A background in regional anesthesia is a must (neuraxial anesthesia as well as “bread and butter” blocks). Anesthesiologists will also complete online pre‑operative evaluations to determine patient ASC candidacy and/or optimization. Residents rotate commonly at one of the locations and teaching is a component of those days.

I. General Summary
  • Assessment of consultation for and preparation of patients for anesthesia.
  • Medical management of patients and the anesthetic for the planned procedures.
  • Post‑anesthetic evaluation and treatment.
  • On‑site medical direction of any non‑physician who participates in the delivery of anesthesia care to the patient.
  • Perioperative pain management.
  • The same standards for and quality of anesthetic care should be available for all patients, emergency as well as elective patients.
II. Preanesthesia Care Responsibilities
  • Review the medical records.
  • Interview the patient, parents or guardians of a minor, next of kin if patient is unable to communicate, or review the available medical information if no information can be supplied by any of the above to:
    Discuss the medical history, including anesthetic experiences and drug therapy.
  • Perform any examinations that would provide information that might assist in decisions regarding anesthetic risk and management.
  • Order tests and medications necessary to the conduct of anesthesia.
  • Obtain consultations as necessary.
  • Record an assessment and an anesthetic plan on the patient’s chart.
  • Ensure consent has been obtained.
III. Perianesthetic Care Responsibilities
  • Re‑evaluation of the patient immediately prior to induction.
  • Prepare and check equipment, drugs, fluids and gas supplies.
  • Appropriate monitoring of the patient.
  • Selection and administration of anesthetic agents or render the patient insensible to pain, while providing a level of comfort and relaxation commensurate with the invasiveness and physiologic stress of the planned procedure.
  • Support of life functions under the stress of anesthetic, surgical and obstetrical manipulations.
  • Record the pertinent events of the procedure.
IV. Postanesthetic Care Responsibilities
  • Give to the health care receiver transfer of care information pertinent to the patient’s specific needs and ensure a safe transition.
  • Remain with the patient as long as medically necessary and until the receiving health care provider has all the information needed to assume care.
  • Assure the patient is discharged from the postanesthesia care unit in accordance with policies established by the Department of Anesthesiology.
  • The duration of surveillance in the postanesthesia care unit is determined by the status of the patient and the judgment of the anesthesiologist.
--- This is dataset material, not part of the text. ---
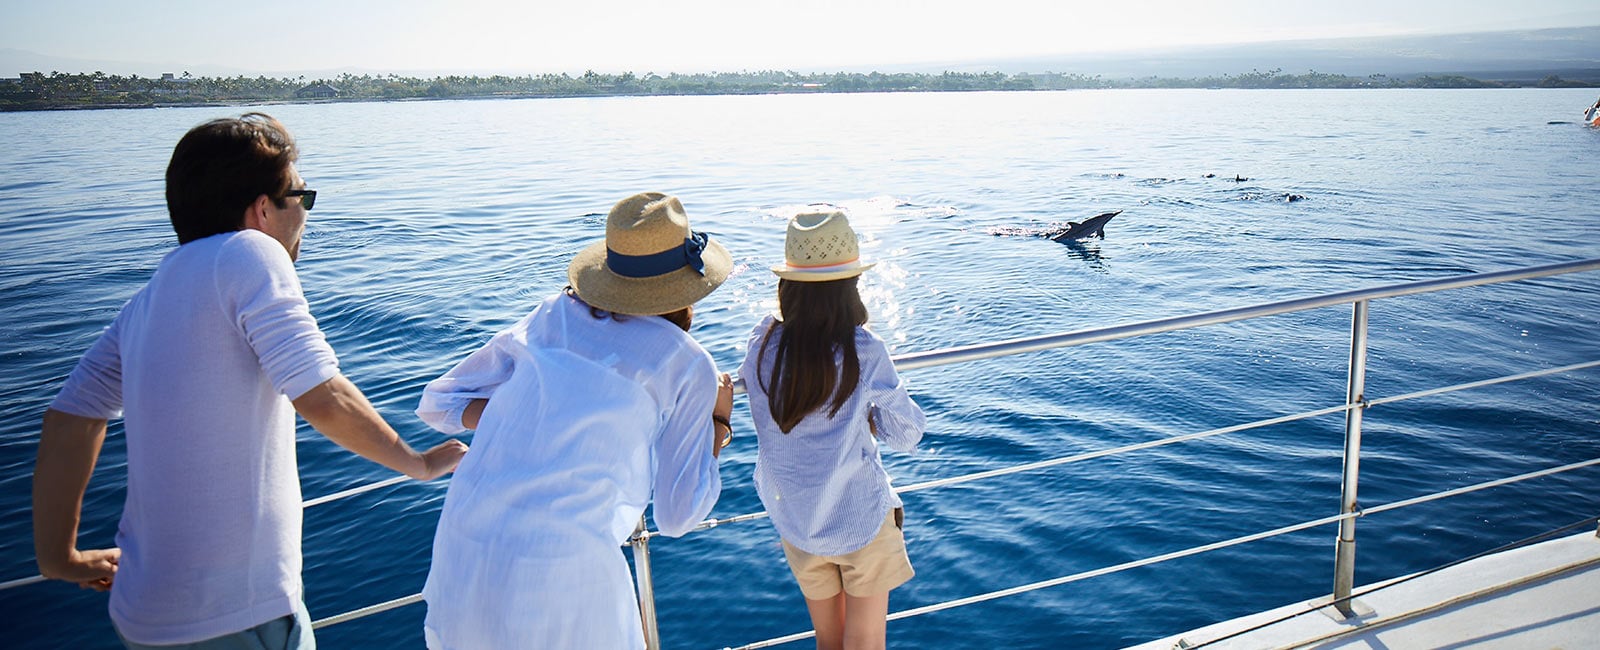 Enjoy whale watching on a Hawaiian vacation with Hilton Grand Vacations

  • Anesthesia Care Team (ACT) – Anesthesiologists supervising resident physicians in training and/or directing qualified non‑physician anesthesia providers in the provision of anesthesia care wherein the physician may delegate monitoring and appropriate tasks while retaining overall responsibility for the patient.
  • Preanesthetic evaluation of the patient – Non‑physicians may contribute to the preoperative collection and documentation of patient data, but the anesthesiologist is responsible for the overall evaluation of each patient.
  • Prescribing the anesthetic plan – The anesthesiologist is responsible for prescribing an anesthesia plan aimed at the greatest safety and highest quality for each patient. The anesthesiologist discusses with the patient (when appropriate), the anesthetic risks, benefits and alternatives and obtains informed consent. When a portion of the anesthetic care will be performed by another…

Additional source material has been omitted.